2. Adaptive Analyses: One of the most critical components of an adaptive trial is the adaptive analyses. These analyses are conducted as data accrues throughout the trial. Based on the results and pre-specified rules, the trial's course can be modified, such as adjusting the dosage, expanding or narrowing the patient population, or even stopping the trial if a pre-specified effect (such as superiority of an intervention) is shown in the accrued data.
3. Real-Time Data Utilisation: Because of the combination of adaptive analyses and pre-specified design rules, data is used when its most valuable, i.e., as soon as its available.  In a fixed trial design data is only used once, at the end of the trial, and if the design assumptions are wrong the only option is to start again and design a new trial.
4. Multiple Objectives: Adaptive trials can address more objectives within a single study than can occur with a fixed design. For example, a trial might simultaneously evaluate different dosages or patient population, allowing for a more comprehensive understanding of the intervention's value.
5. Never slower than a traditional design: If an adaptive design specifies a maximum sample size that is the same as the sample size specified for a traditional trial, the adaptive design will never take longer than a traditional design, and will often be faster.

Examples of Success

Adaptive trials have already proven their value in several high-profile studies.
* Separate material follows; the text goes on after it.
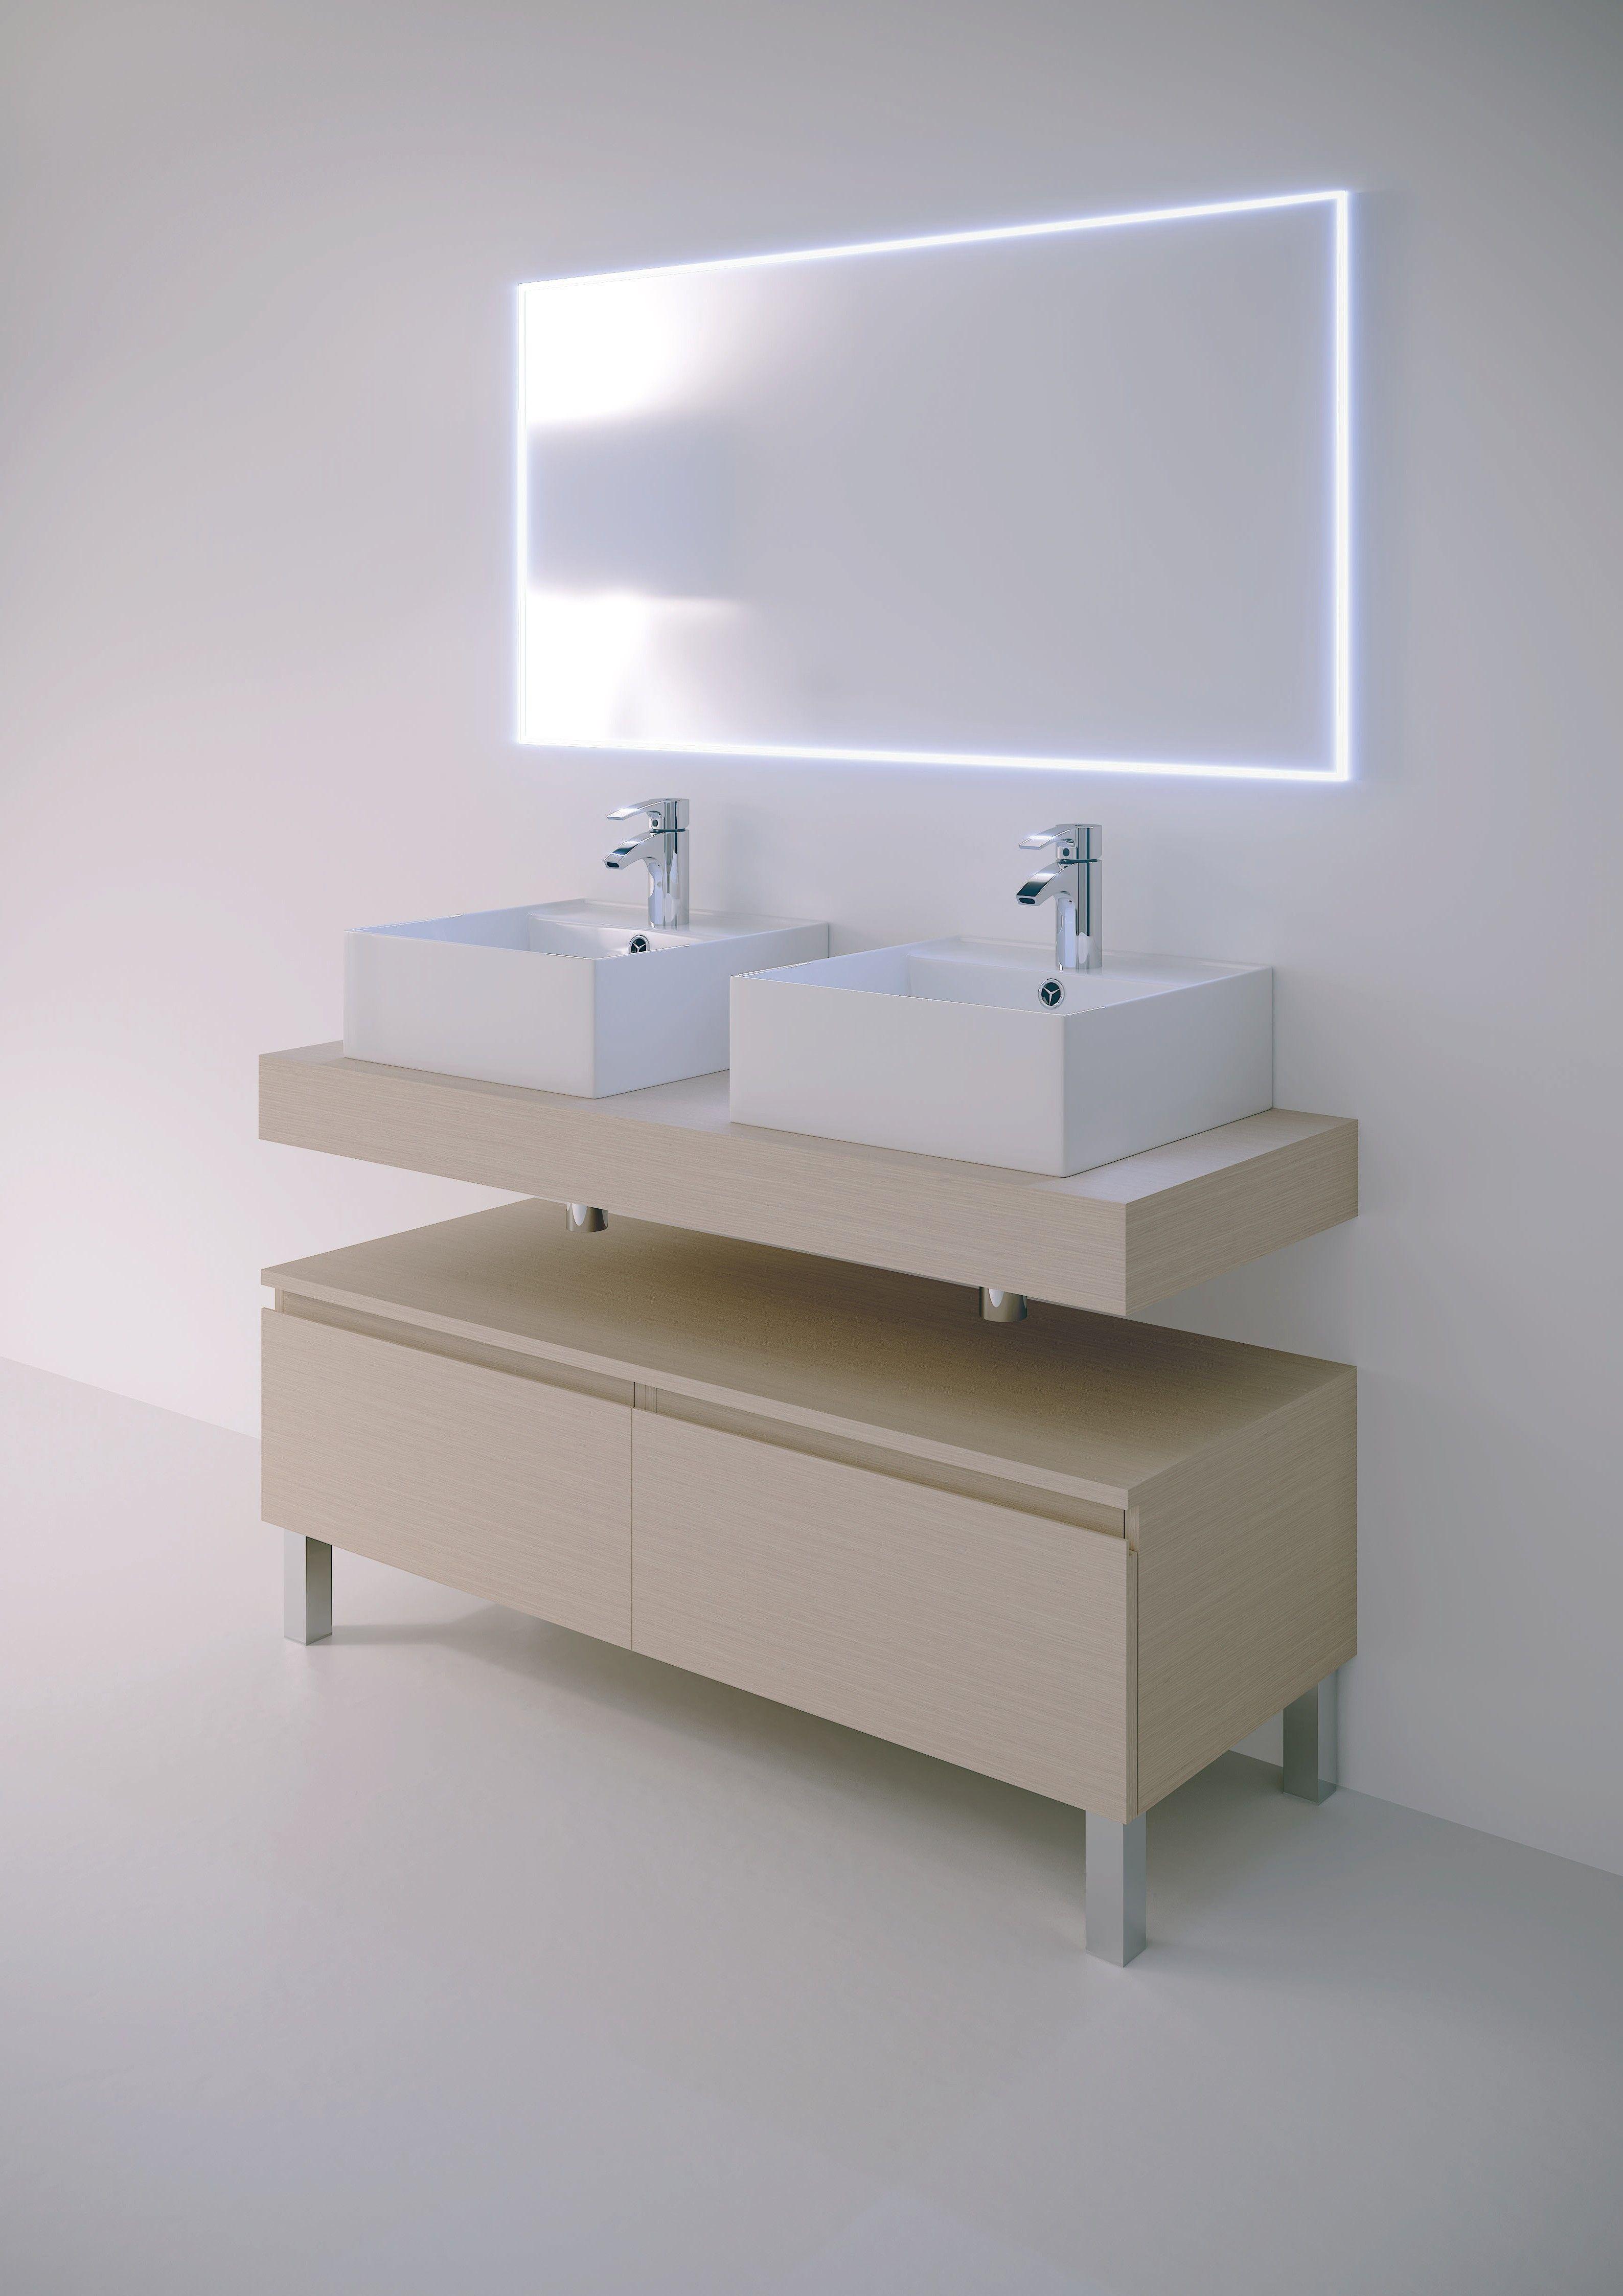 Muebles Bajo Lavabo Serie Ele Muebles Bajo Lavabo Muebles Auxiliares Baño Muebles

One notable example is the I-SPY 2 trial (refer to trial registration and protocol paper in study1; study2), an adaptive platform trial designed to evaluate treatments for breast cancer. By using an adaptive design, the I-SPY 2 trial has been able to efficiently test multiple therapies simultaneously (using a common control arm) and match treatments to different categories of breast cancer, rapidly identifying the most promising treatments and accelerating their development.

Another example is the REMAP-CAP trial (see study1; study2), which evaluated multiple re-purposed drugs to treat severe COVID-19.  Taking only 8 months the trial was the first to identify tocilizumab as a highly effective treatment for patients who were critically ill from COVID. It was the fastest among multiple trials because it used a design without a fixed sample size, conducting adaptive analyses, until it could be concluded that the treatment worked.

Conclusion

Adaptive trials are most useful at phase 2, when little is known about how a new treatment works and its effectiveness. It’s counterintuitive that, at this time, a traditional trial design requires all design parameters to be fixed. Adaptive designs offer a smarter, faster,and more efficient alternative to traditional trials.

By allowing for real-time adjustments based on accruing data, adaptive trials can optimise resource use, reduce trial duration, and improve patient outcomes. As the healthcare industry continues to embrace innovation, adaptive trials are poised to become an integral part of clinical development, particularly at phase 2, reducing the time from the start of phase 2 to registration by many months or years.